17 Juli 2017•Update: 18 Juli 2017
Pizaro Gozali Idrus
JAKARTA
Indonesia Corruption Watch (ICW) mengapresiasi langkah Komisi Pemberantasan Korupsi (KPK) menetapkan Setya Novanto menjadi tersangka korupsi dalam pengadaan KTP-elektronik.
"Langkah KPK ini patut diapresiasi untuk menunjukkan keseriusan KPK membongkar dalang persekongkolan pengadaan KTP elektronik yang merugikan keuangan negara 2,3 triliun," ujar peneliti ICW, Donald Fariz, Senin malam (17/7).
Menurut ICW, SN harus mundur sebagai Ketua DPR untuk menghadapi proses hukum.
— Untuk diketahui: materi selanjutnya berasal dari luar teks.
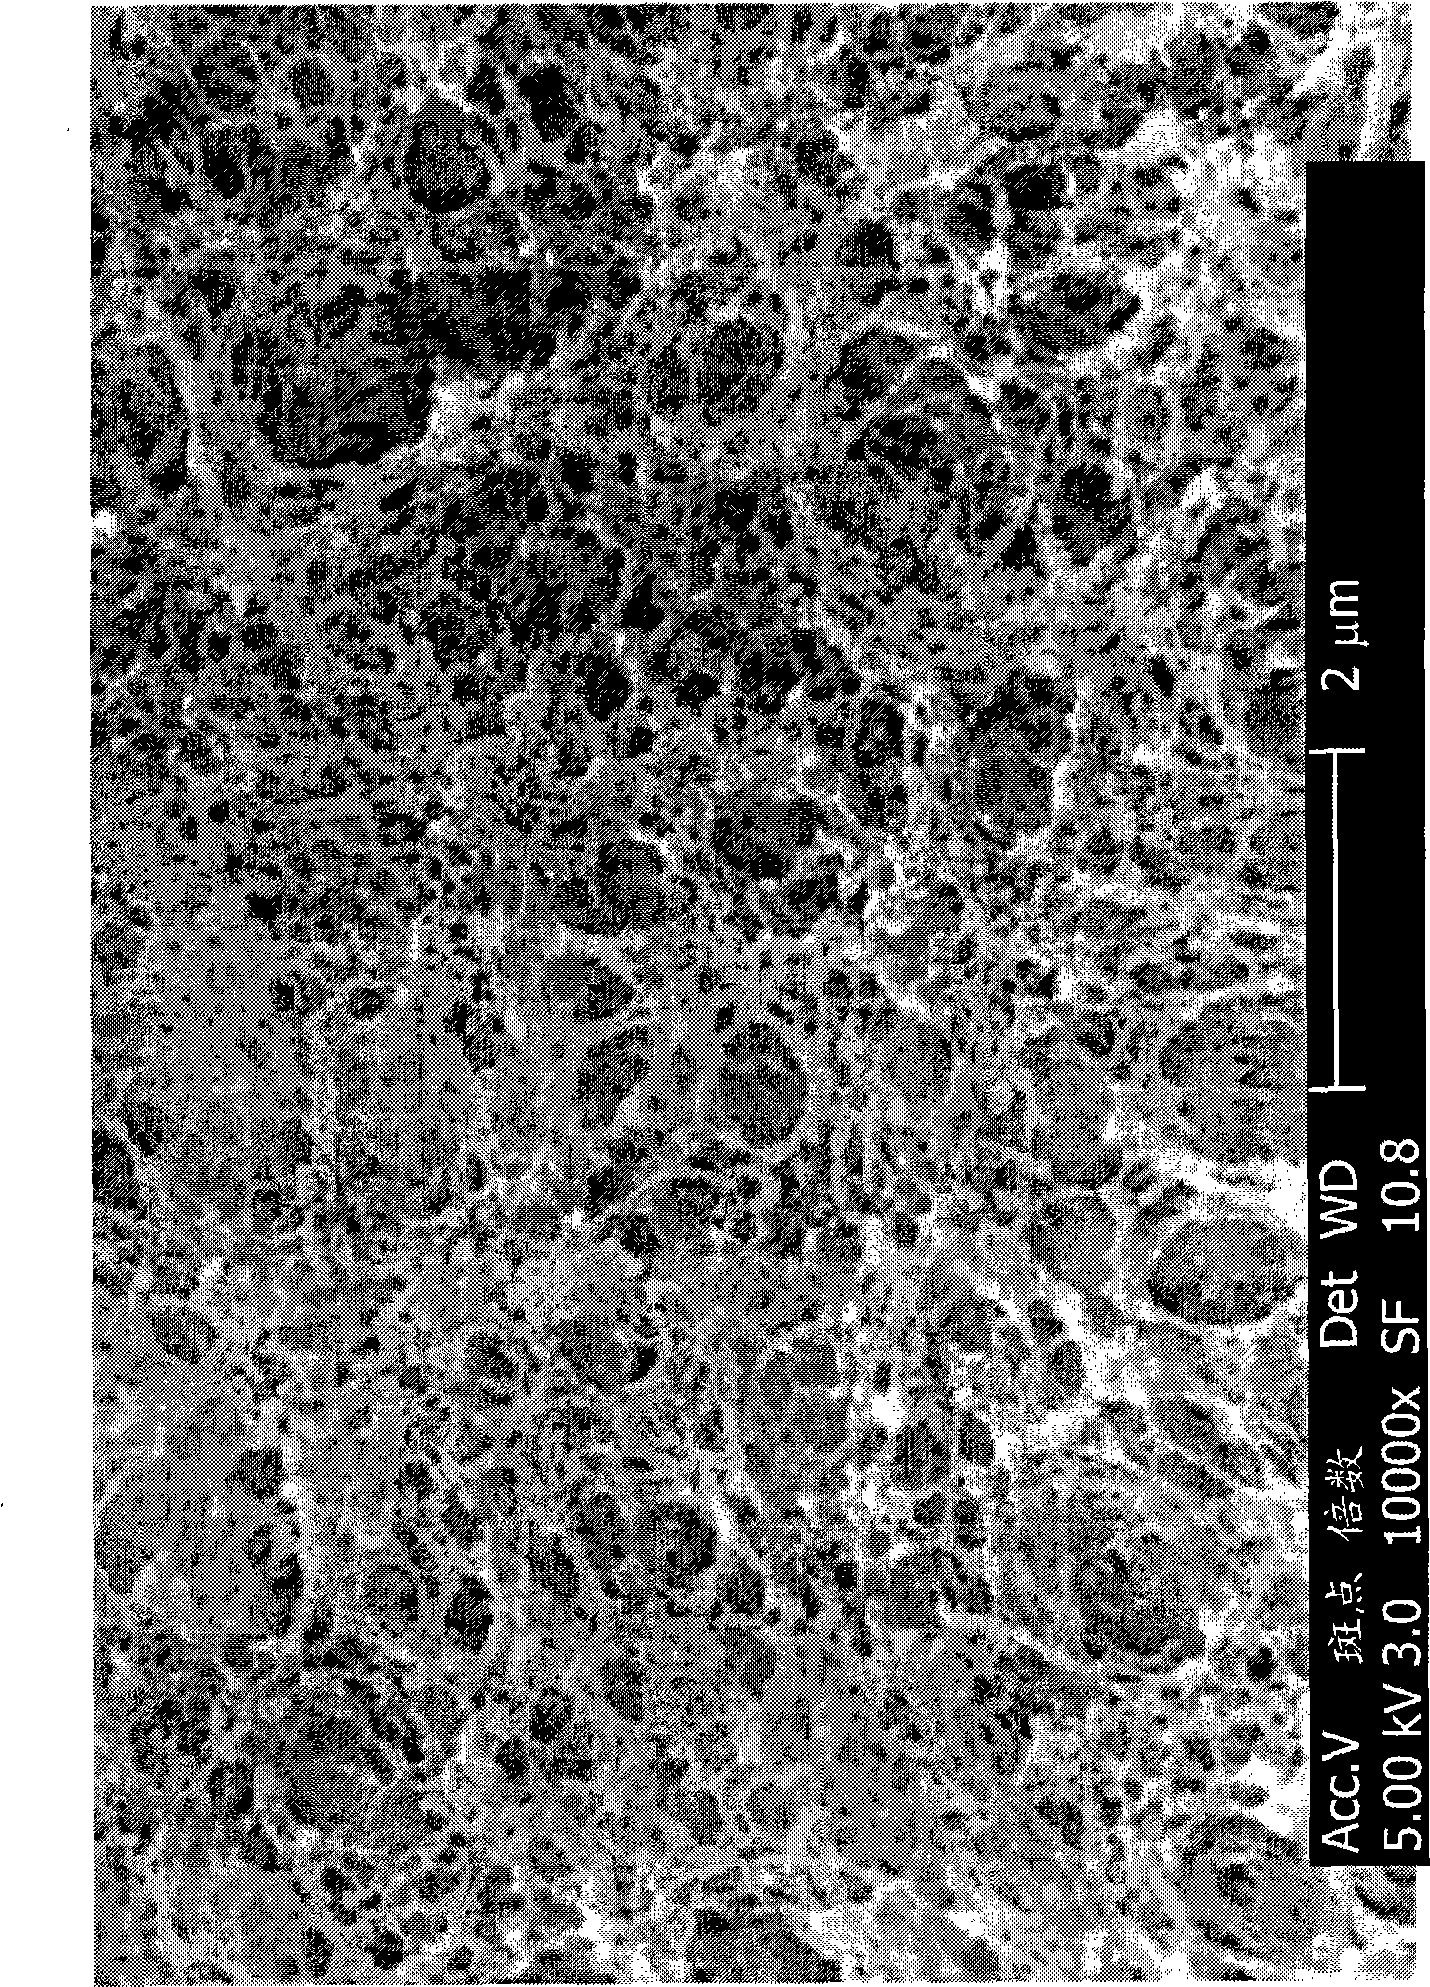 Porous biological assay substrate and method and device for producing such substrate

Hal ini ditujukan agar tidak terjadi penyalahgunaan wewenang sebagai pimpinan lembaga negara untuk melawan proses hukum sehingga tidak terjadi konflik kepentingan.
"Pada saat yang sama, Partai Golkar harus segera melakukan pembenahan internal untuk untuk mengganti pimpinannya yang bermasalah. Selain itu,Golkar harus mendukung proses penegakan hukum yang dilakukan oleh KPK agar citra partai tidak semakin terbenam," kata dia.
KPK menetapkan Ketua DPR RI, Setya Novanto, menjadi tersangka kasus pengadaan KTP-elektronik. KPK mengaku mendapatkan bukti permulaan untuk menjerat politisi Partai Golkar tersebut dalam kasus dugaan korupsi KTP-el.
"Setelah mencermati fakta persidangan dari dua terdakwa kasus KTP-el, Irman dan Sugiharto pengadaan paket KTP-el tahun 2011 dan 2012 di Kemendagri, KPK temukan bukti permulaan yang cukup seorang lagi jadi tersangka. KPK menetapkan saudara SN anggota DPR RI pada 2009 sampai 2011 sebagai tersangka. Karena menguntungkan diri sendiri menyebabkan kerugian negara Rp 2,3 triliun dari paket pengadaan Rp 5,9 triliun," ujar Ketua Komisi Pemberantasan Korupsi (KPK) Agus Raharjo di Gedung KPK, Kuningan, Jakarta, Senin (17/7).